━━ Information provided

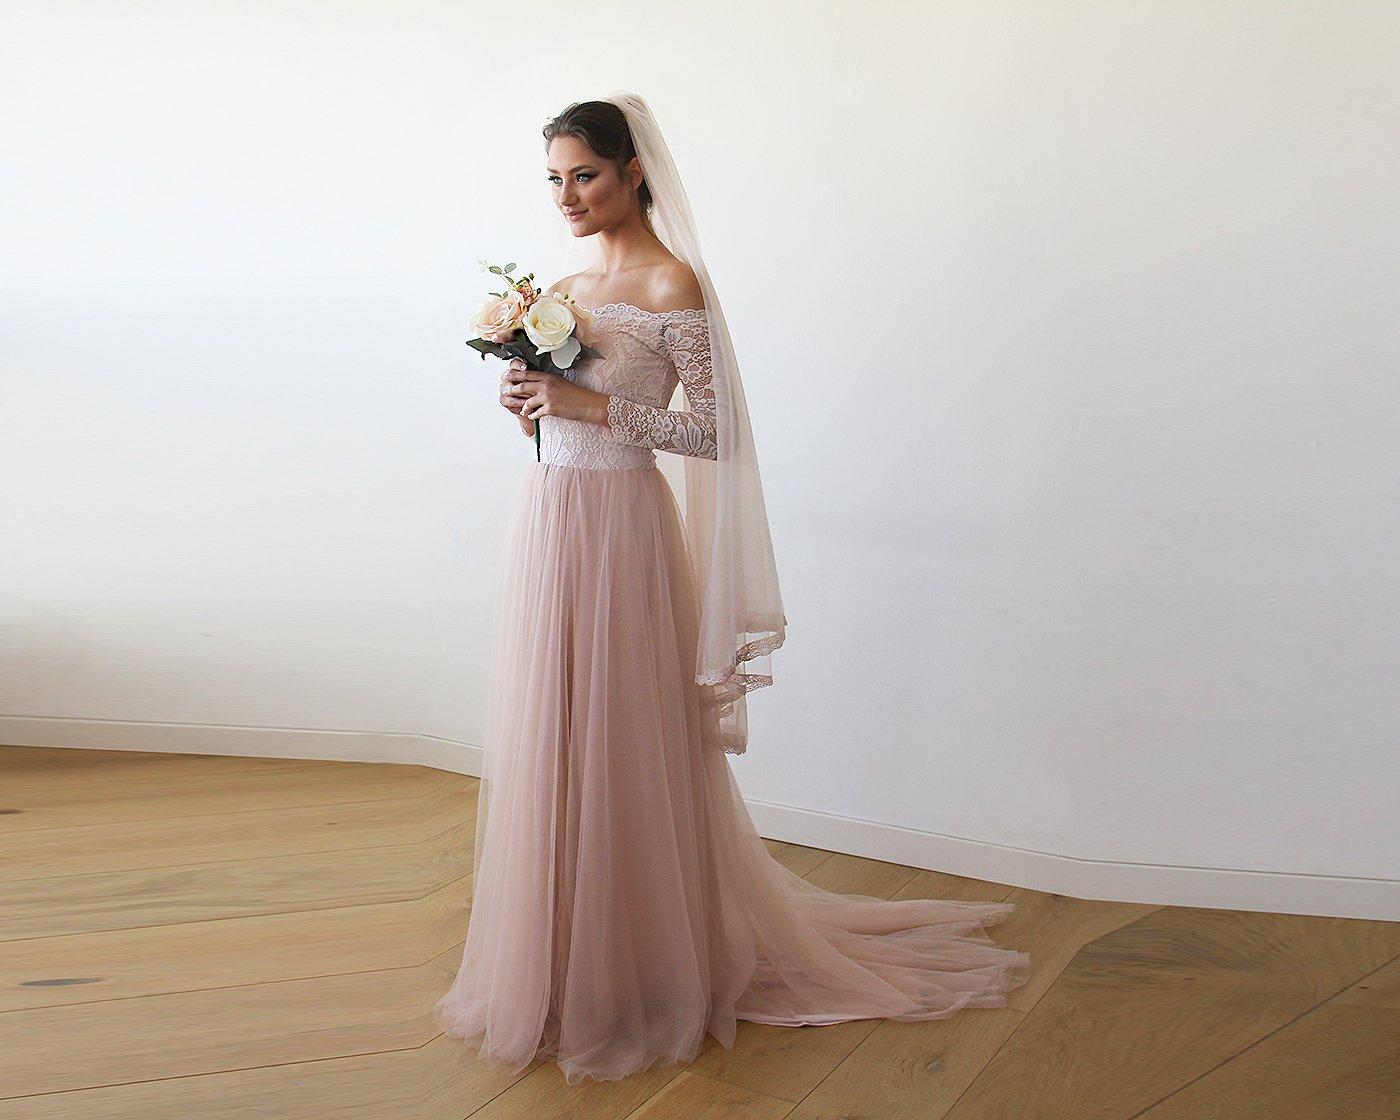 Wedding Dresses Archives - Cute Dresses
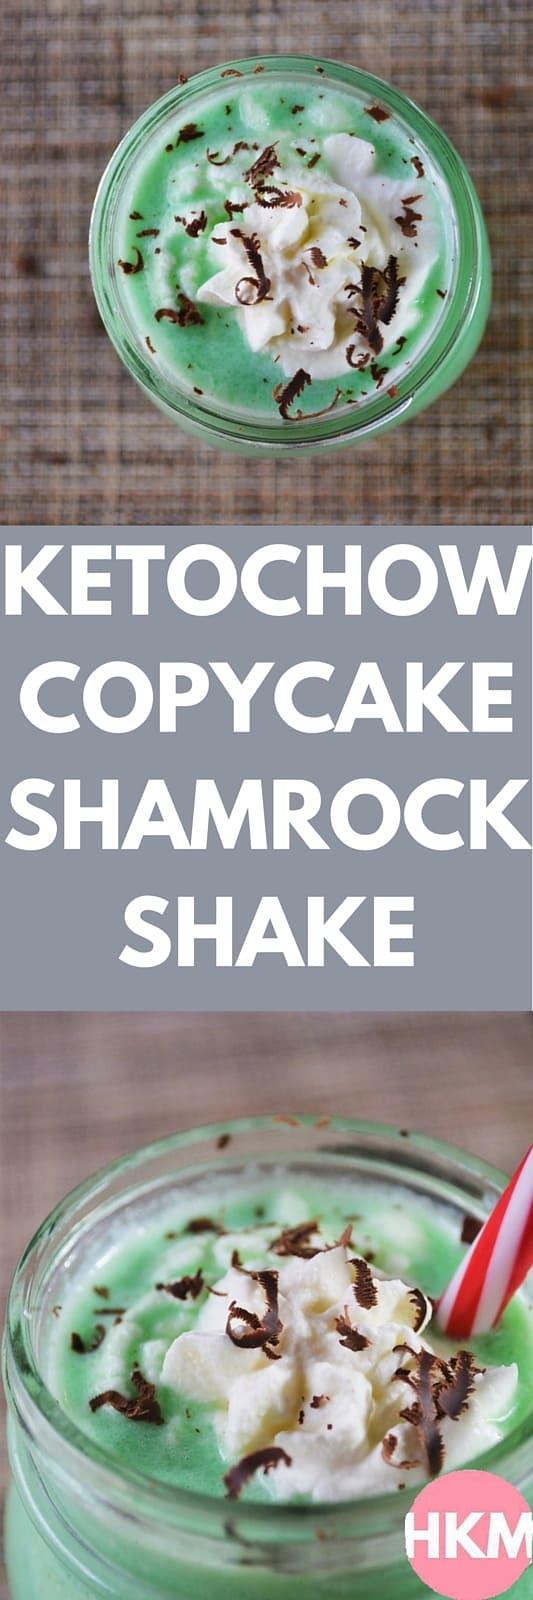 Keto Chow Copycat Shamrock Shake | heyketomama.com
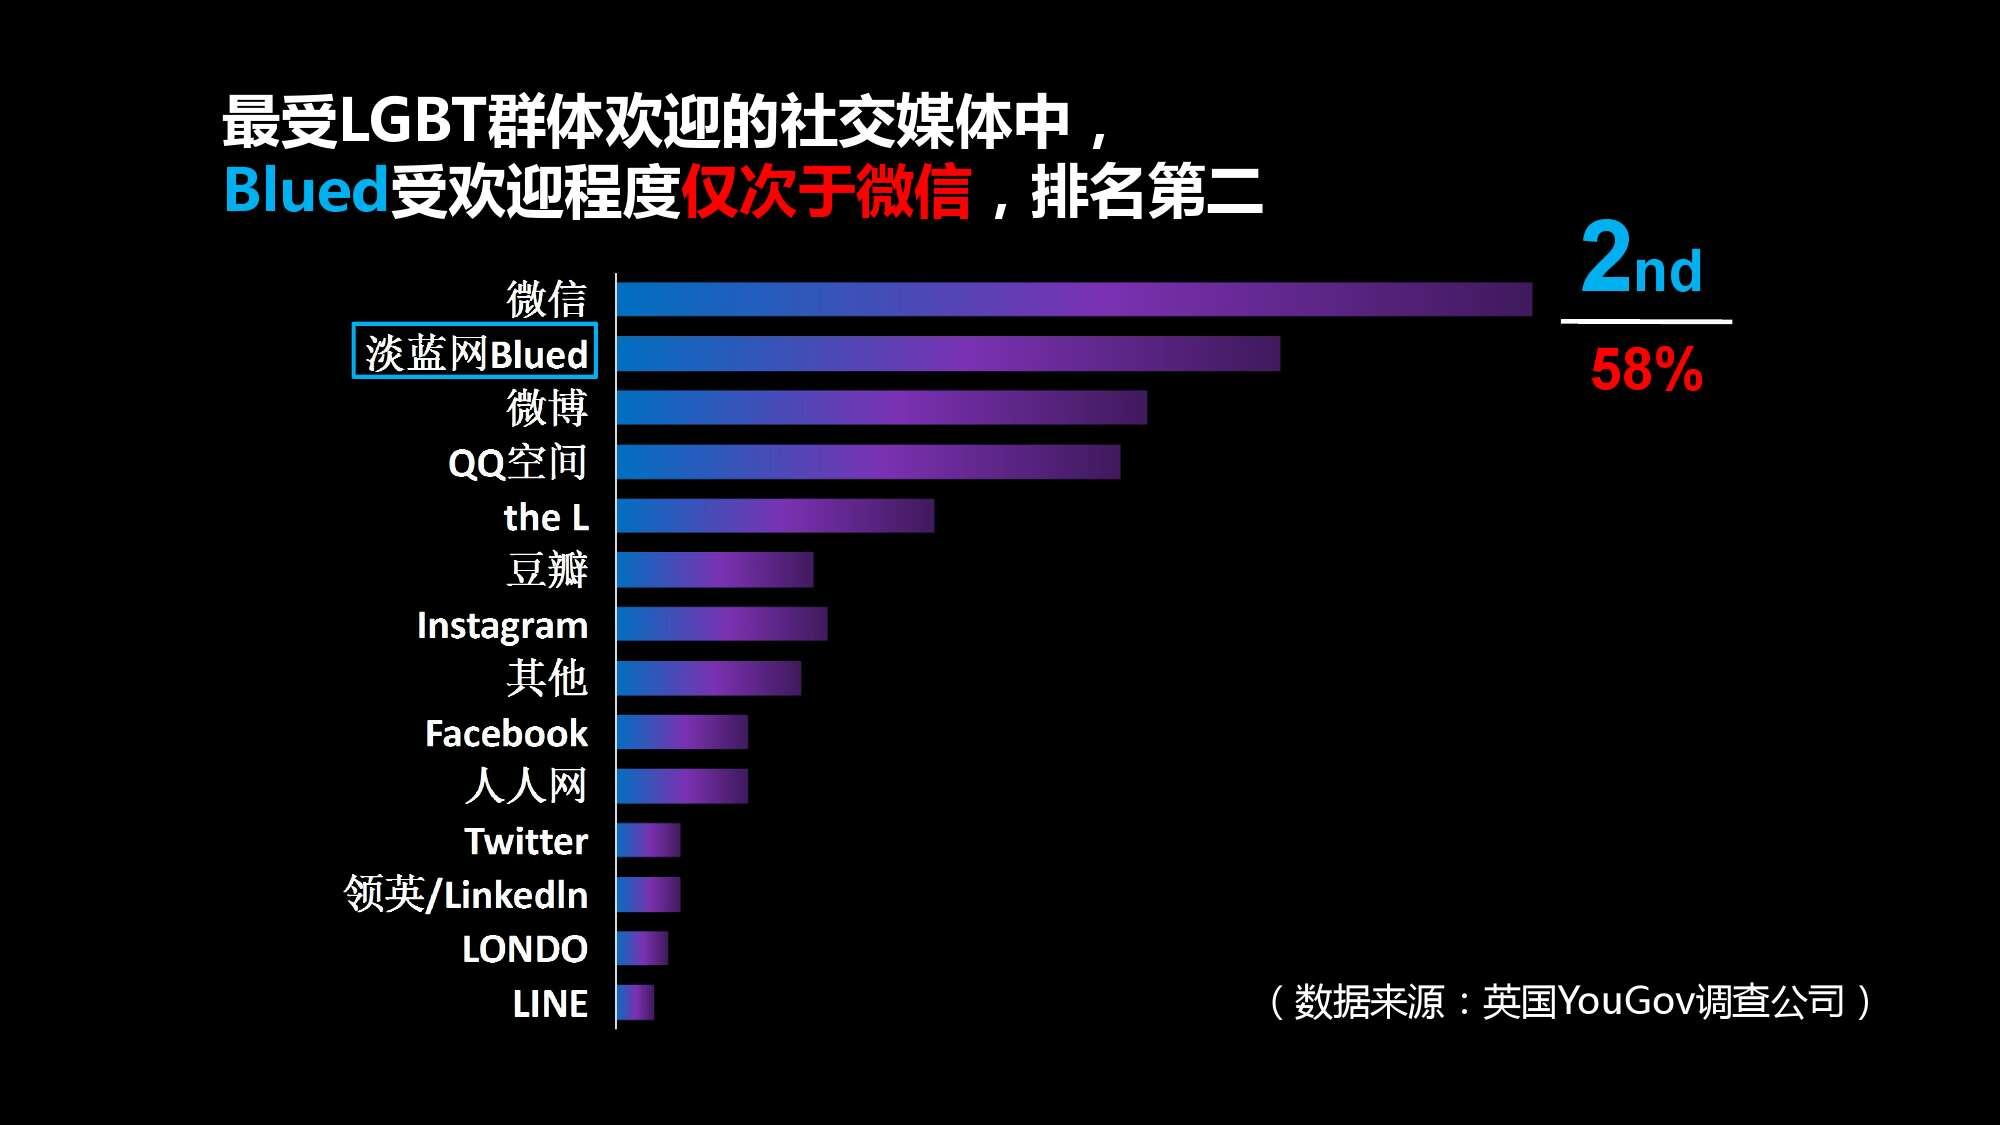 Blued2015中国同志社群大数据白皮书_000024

━━━━

• Exercise instructions
Could you reproduce the listing above exactly and drop every picture?

• Written solution
 Wedding Dresses Archives - Cute Dresses
 Keto Chow Copycat Shamrock Shake | heyketomama.com
 Blued2015中国同志社群大数据白皮书_000024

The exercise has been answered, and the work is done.